Filósofo empirista escocés, figura máxima de la Ilustración inglesa y del


empirismo británico, y uno de los pensadores de mayor influencia en la filosofía
posterior. Nació en Edimburgo (Escocia), y estudió en la universidad de esta
misma ciudad, más interesado por la literatura y la historia que por la abogacía,
profesión a la que quiso dedicarle su familia. Tras un intento frustrado de
emplearse en un comercio en Bristol, a los 18 años decide marchar a Francia
para dedicarse a los estudios literarios y filosóficos, creyendo que debía dar un
cambio radical a su vida.
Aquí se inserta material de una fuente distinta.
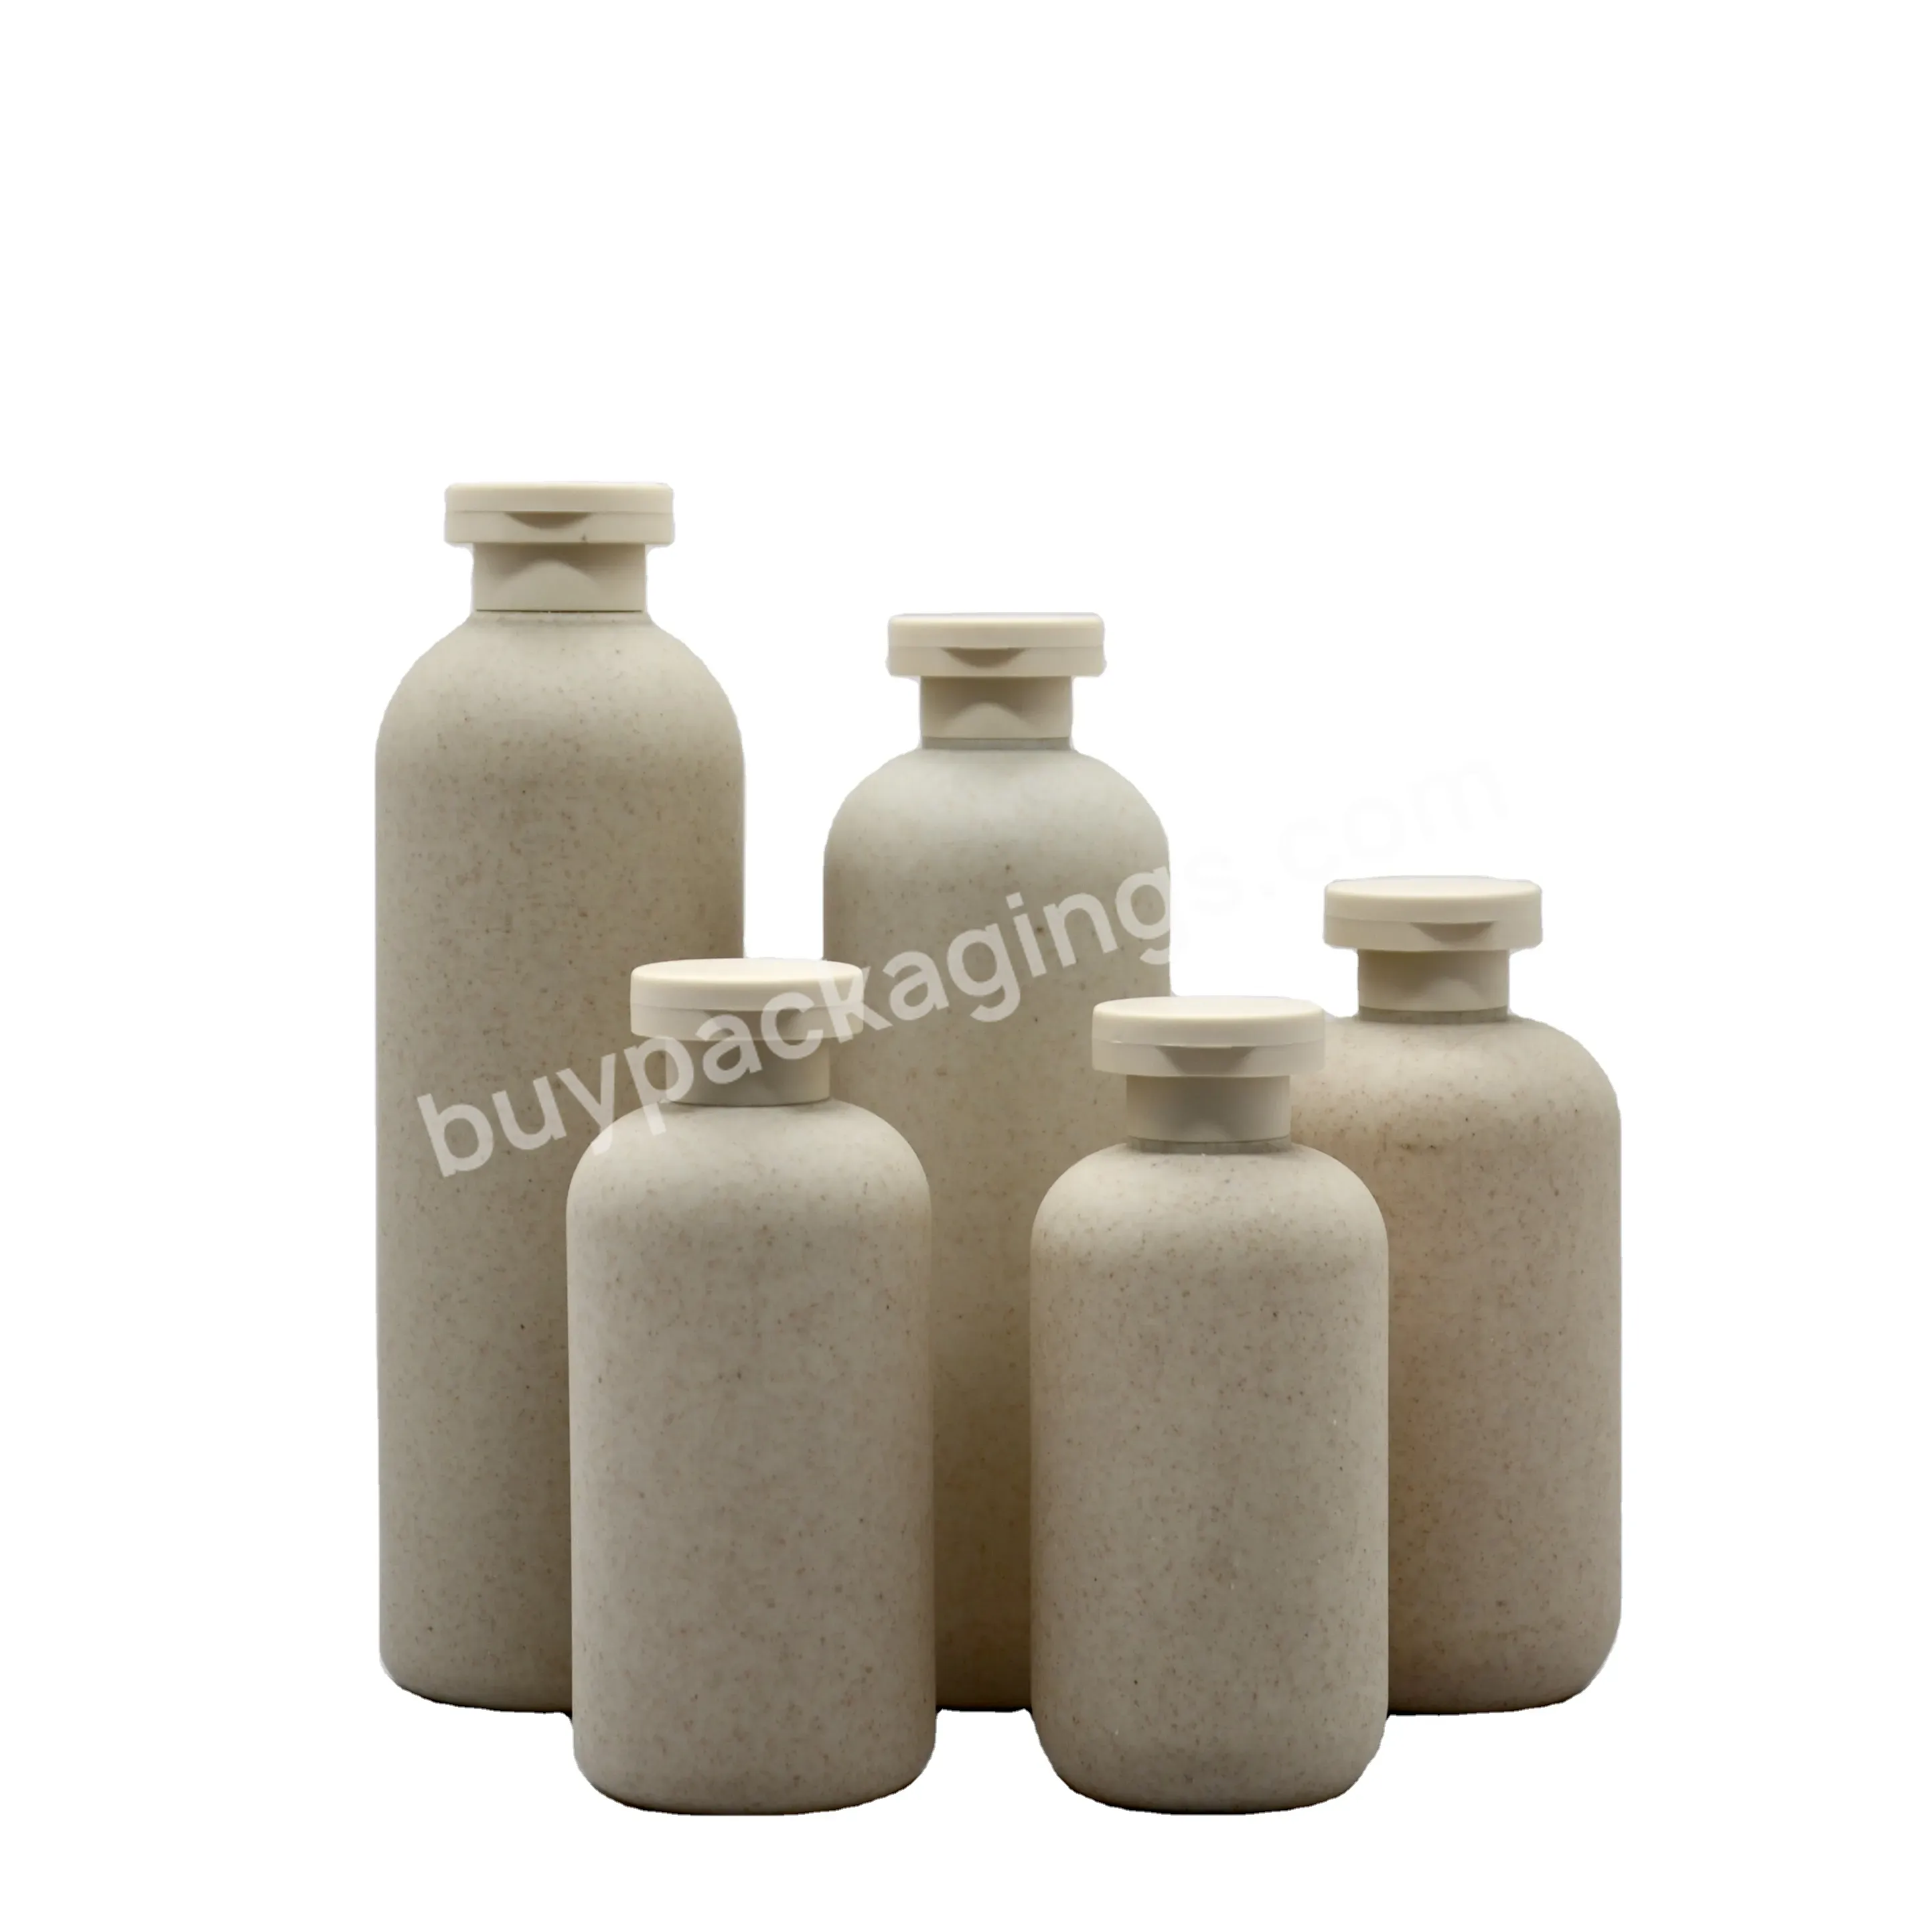 Degradable Biodegradable Material Wheat Straw Bottle Hand And Body Lotion Skin Care Products Body Lotion Customize - Buy Degradable Biodegrade Material Wheat Straw Bottle,Degradable Body Lotion Bottle,Moistur Body Lotion Bottle.

Durante los años que pasó en Francia, primero en
Reims y luego en La Flèche (1734-1737), escribió el Tratado sobre la
naturaleza humana, publicado en dos volúmenes (1739), que pasó totalmente
inadvertido, y
que, según su misma opinión, fue una obra prematura que «salió muerta de las
prensas». En 1740 intentó publicar una recensión de este libro que acabó
siendo un Compendio del mismo, publicado con el título de Abstract. Refundió
luego la primera parte del Tratado, publicándola con el título de Investigación
sobre el entendimiento humano (1751), así como la tercera con el título de
Investigación sobre los principios de la moral (1752). Ninguna de estas obras le
dio la fama literaria que ansiaba, que sólo comenzó a llegar con la publicación
de sus Discursos políticos (1752). Nombrado bibliotecario de la facultad de
derecho de Edimburgo, comenzó a publicar una Historia de Inglaterra (1754)
que suscitó polémica y que, según su propio autor, resultó un éxito rentable.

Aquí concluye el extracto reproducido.